US-China relations represent another important variable, with President Trump scheduled to visit Beijing in April. The outcome of ongoing dialogue could significantly influence market sentiment and trade policy direction.

Early performance suggests our base case target of 28,300 for the Hang Seng Index by year-end 2026 is firmly on track. Should policy execution and corporate earnings continue to exceed expectations, opportunities may emerge to revise this target upwards as the year progresses.

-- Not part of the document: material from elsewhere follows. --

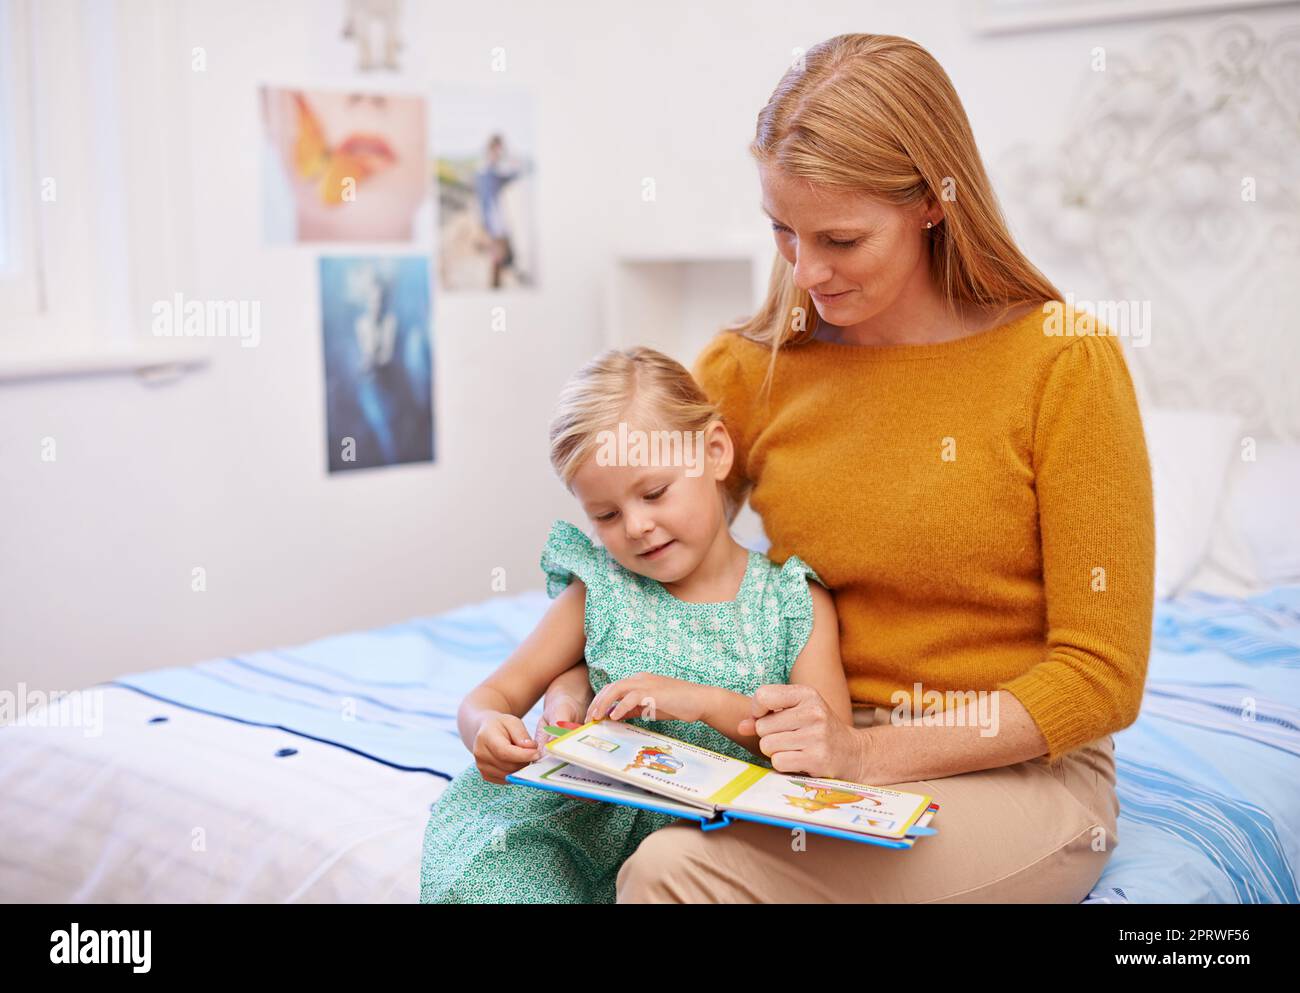 Ama le immagini, una madre che legge un libro alla bambina nella sua camera da letto. Foto Stock
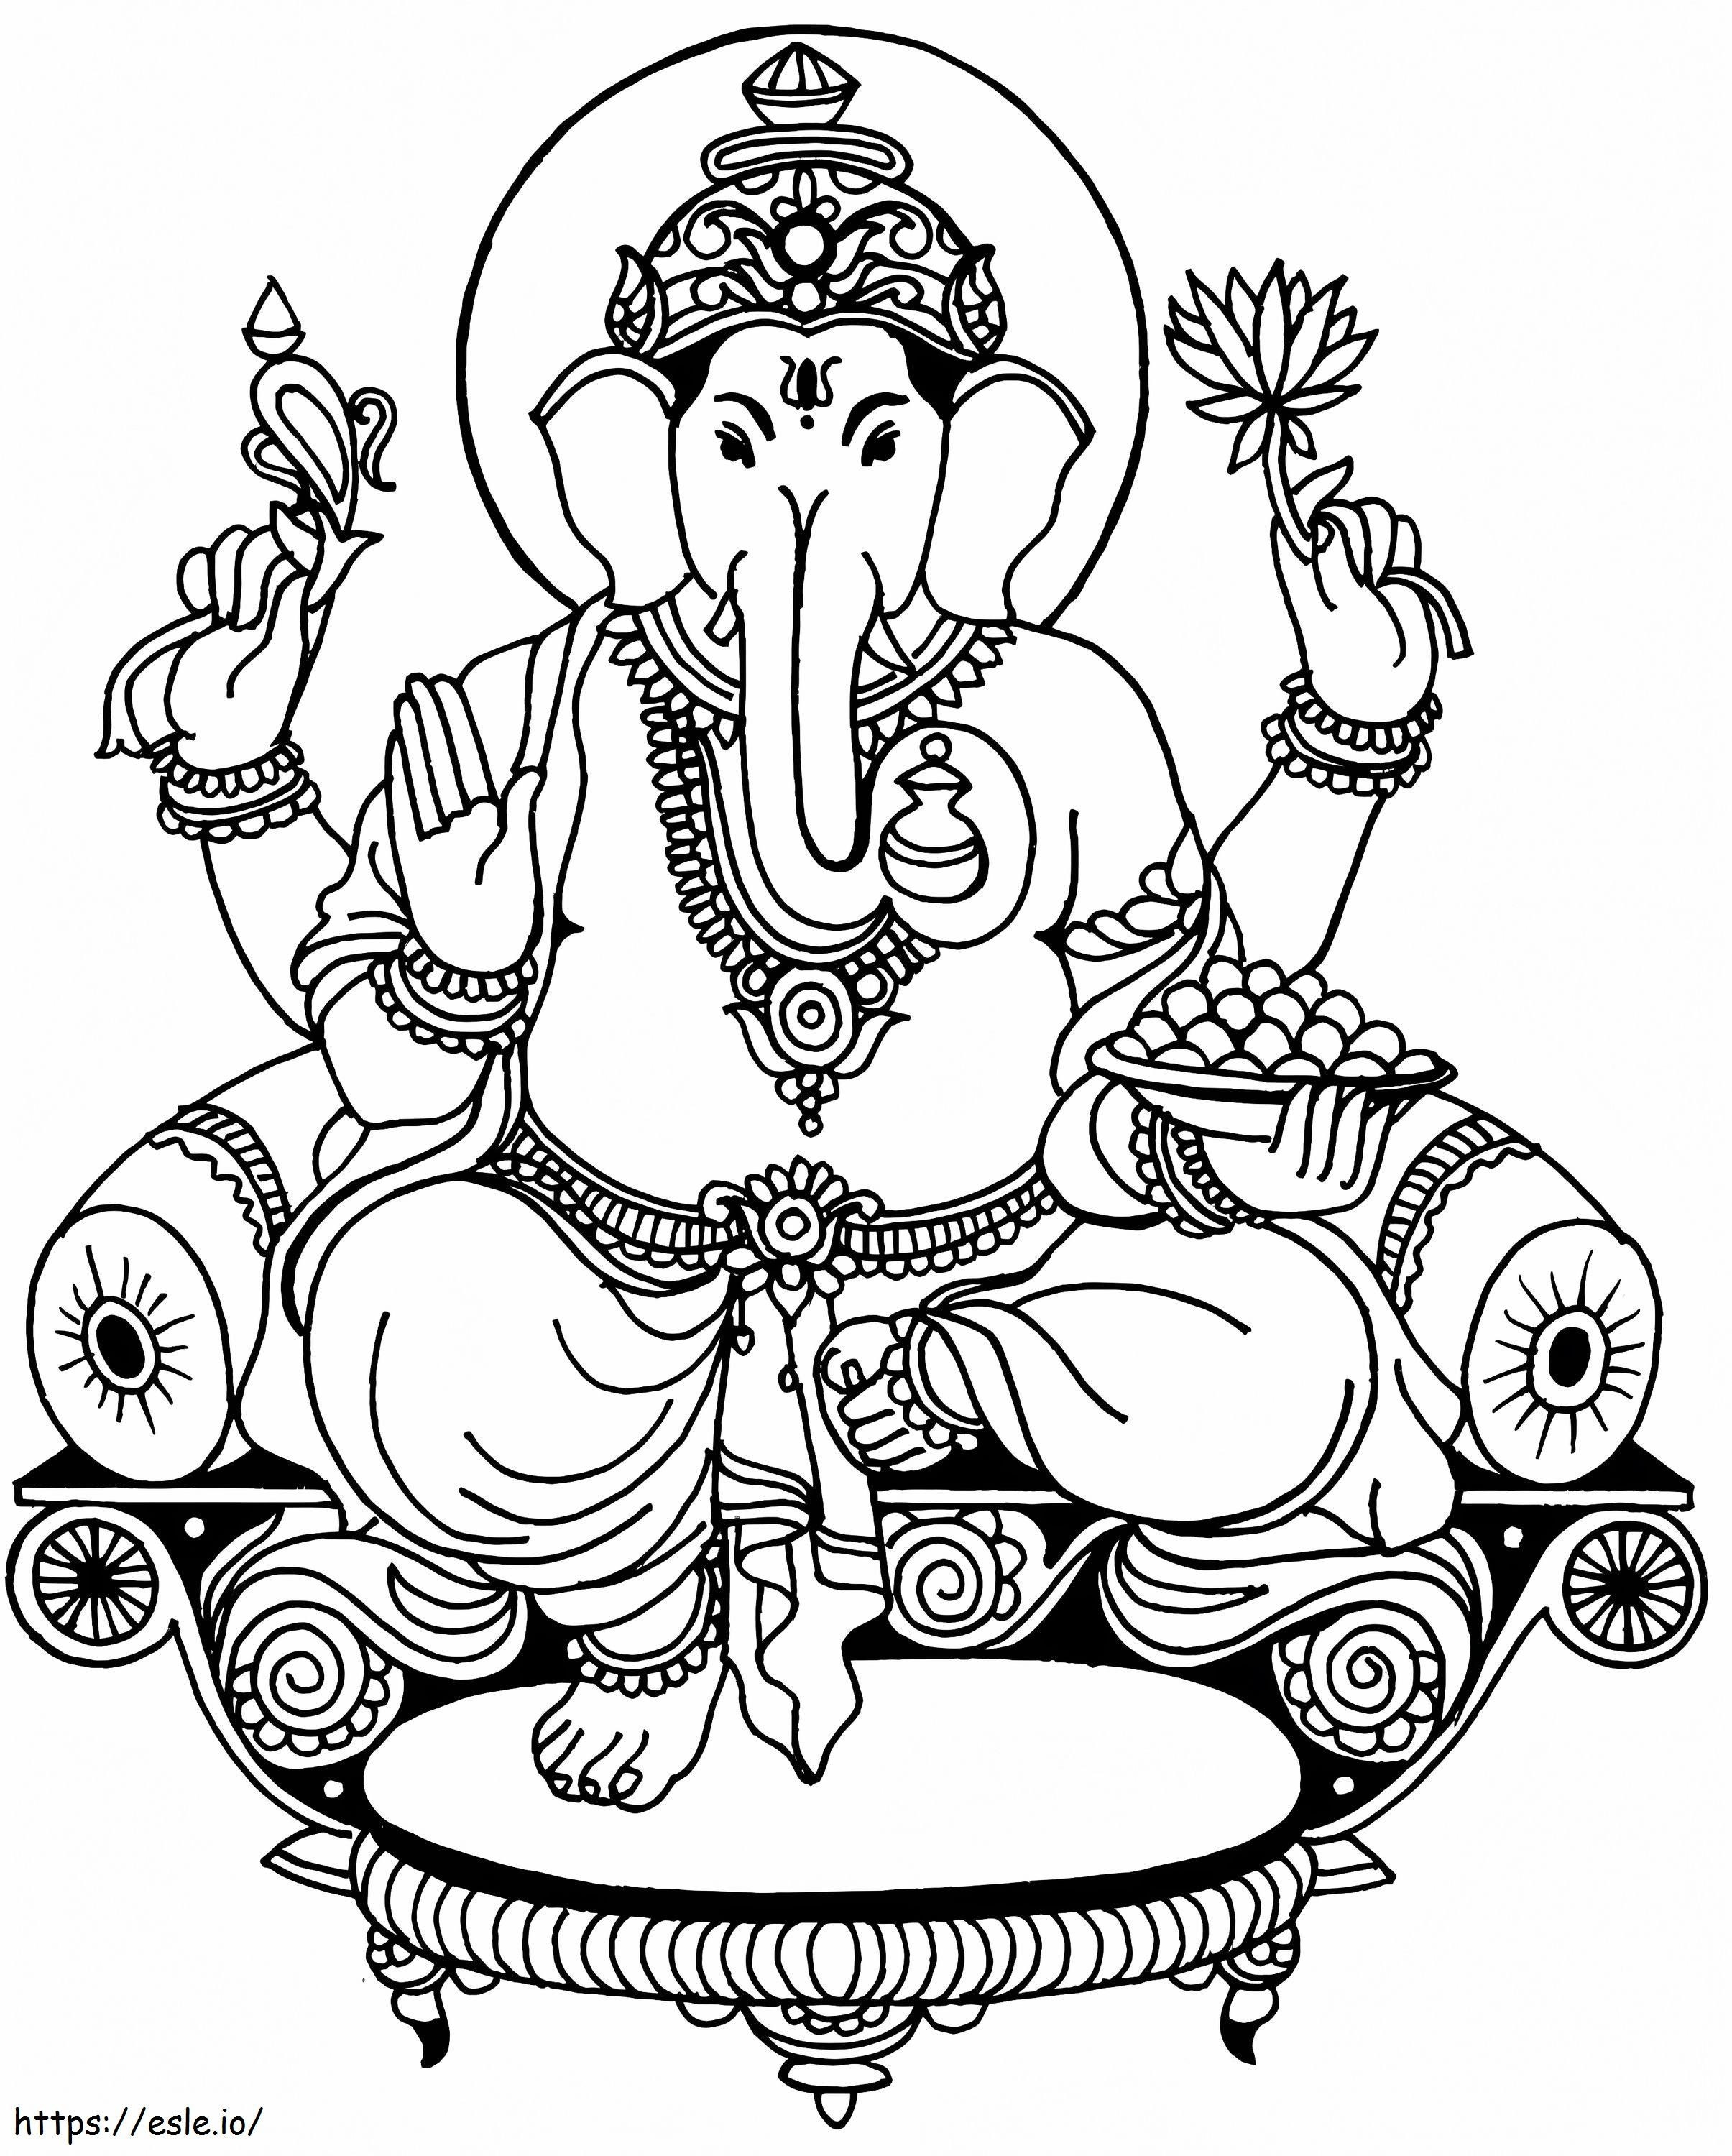 Lord Ganesha 1 coloring page

Technical analysis reveals caution

The Hang Seng Index is currently at a high-stakes crossroads, hovering near its 20-day moving average after a sharp rejection from the 28,056 peak. While the broader recovery remains technically intact, the recent moving average convergence divergence (MACD) bearish crossover suggests the easy phase of the rally has paused. Traders should be cautious to a developing head and shoulders pattern; a failure to reclaim the 27,400 level could finalise the 'right shoulder', potentially triggering a slide toward the 26,264 neckline. A confirmed break below that support would shift the outlook from a healthy correction to a significant trend reversal. The recent high at 28,056 will provide resistance.

Figure 3: Hang Seng Index daily price chart

Hang Seng Index daily chart Source: TradingView, as of 4 February 2026
Hang Seng Index daily chart Source: TradingView, as of 4 February 2026
  • The figures stated in this article are as of 2 February 2026 unless otherwise stated. Past performance is not a reliable indicator of future performance.